We will be monitoring the situation very carefully, and will be ready to take action if at any point this is mandated.

MEDIA BIAS & CENSORSHIP

The media have been very influential throughout the Covid scenario. Mainstream media is how we predominantly get information from parliament to the people. However, what is not clear is when articles are actually opinion or speculation, rather than fact or government legislation. This has caused a lot of confusion, upset and a lot of fear. They have also ramped up the fear intentionally. They have pumped the death numbers out constantly and have given little cause for celebration, even when things have been more positive. Now that the death numbers are much lower, this isn’t being reported on and isn’t touted as a positive. There has been a large focus on the negative in this whole scenario. 

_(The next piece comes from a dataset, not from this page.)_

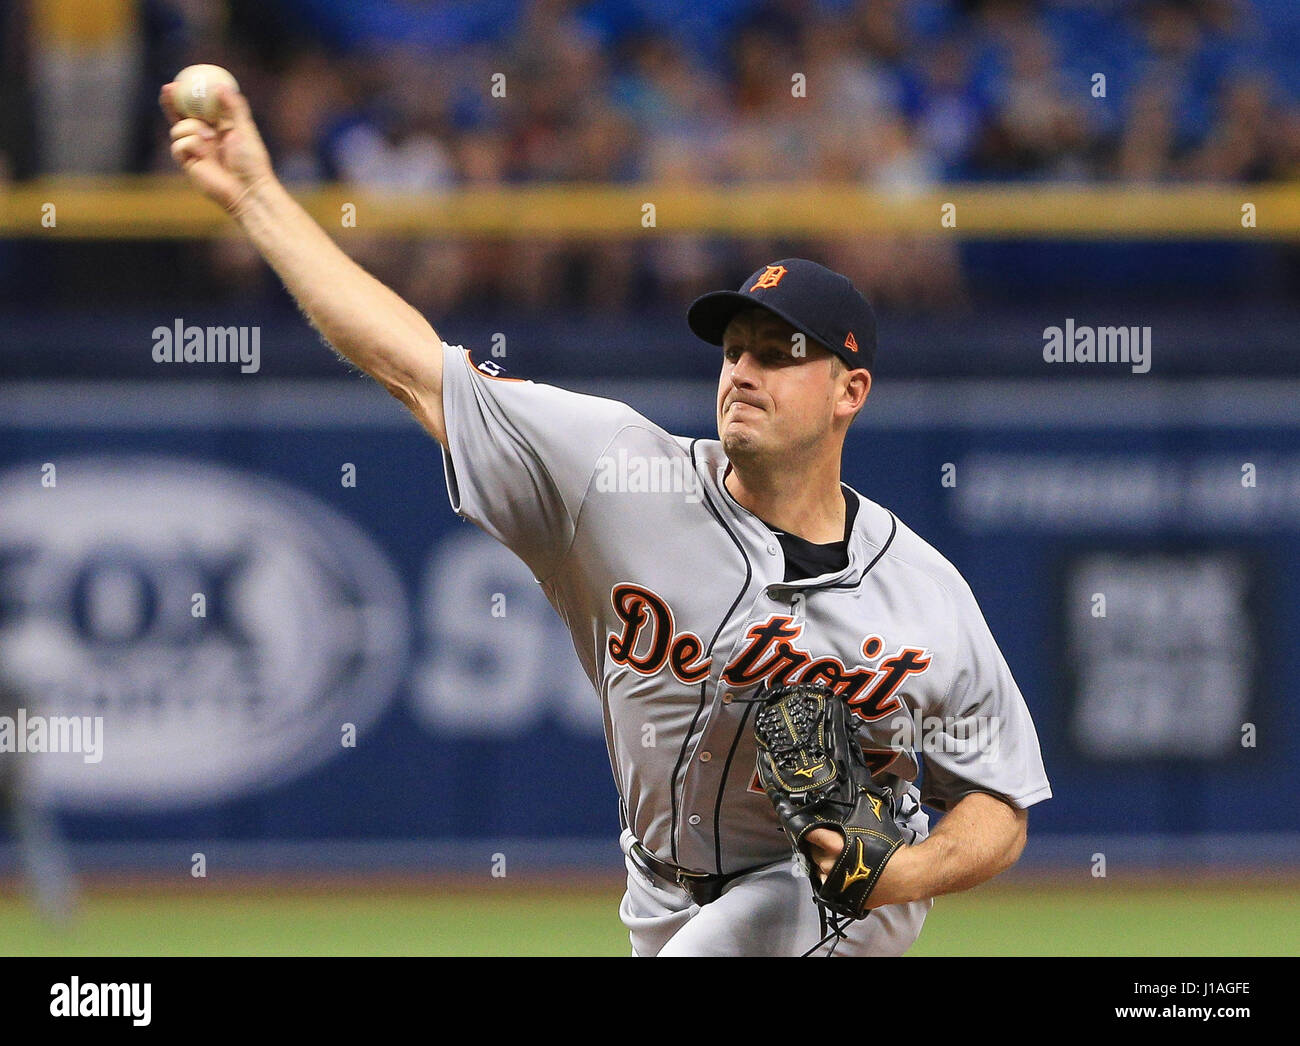 St. Petersburg, Florida, USA. 19th Apr, 2017. WILL VRAGOVIC | Times.Detroit Tigers starting pitcher Jordan Zimmermann (27) throwing in the first inning of the game between the Detroit Tigers and the Tampa Bay Rays at Tropicana Field in St. Petersburg, Fla. on Wednesday, April 19, 2017. Credit: Will Vragovic/Tampa Bay Times/ZUMA Wire/Alamy Live News Stock Photo

We believe that media reporting should be fair, unbiased, impartial and based on facts. It should be considerate of what is in the best interests of the public. However, we know that the SPI-B report. SPI-B – being part of the sage committee – said that the government would use the media to increase compliance to lockdown measures. This was done, in part, by ramping up people’s perceived level of personal threat. The government actually instructed the media to make it seem scarier than it was, to increase compliance with the regulations. 

We are concerned about how much power the media currently hold, as we do not believe the current media mainstream media is on our side. If tomorrow the media would turn around say that actually all coronavirus legislation was obsolete and unnecessary, then most people would change their mind. These people are not in any sort of democratic process, yet they hold more power than the actual government. This is highly concerning – especially as they are about profits, rather than about the people. The more sensational the headline, the more clicks they will get, therefore the more profit they will get. It’s irrespective of the impact that their articles will have on the mental health of the readers reading it. We therefore encourage all to seek out independent journalists, independent news reports and diversify from just the mainstream media narrative.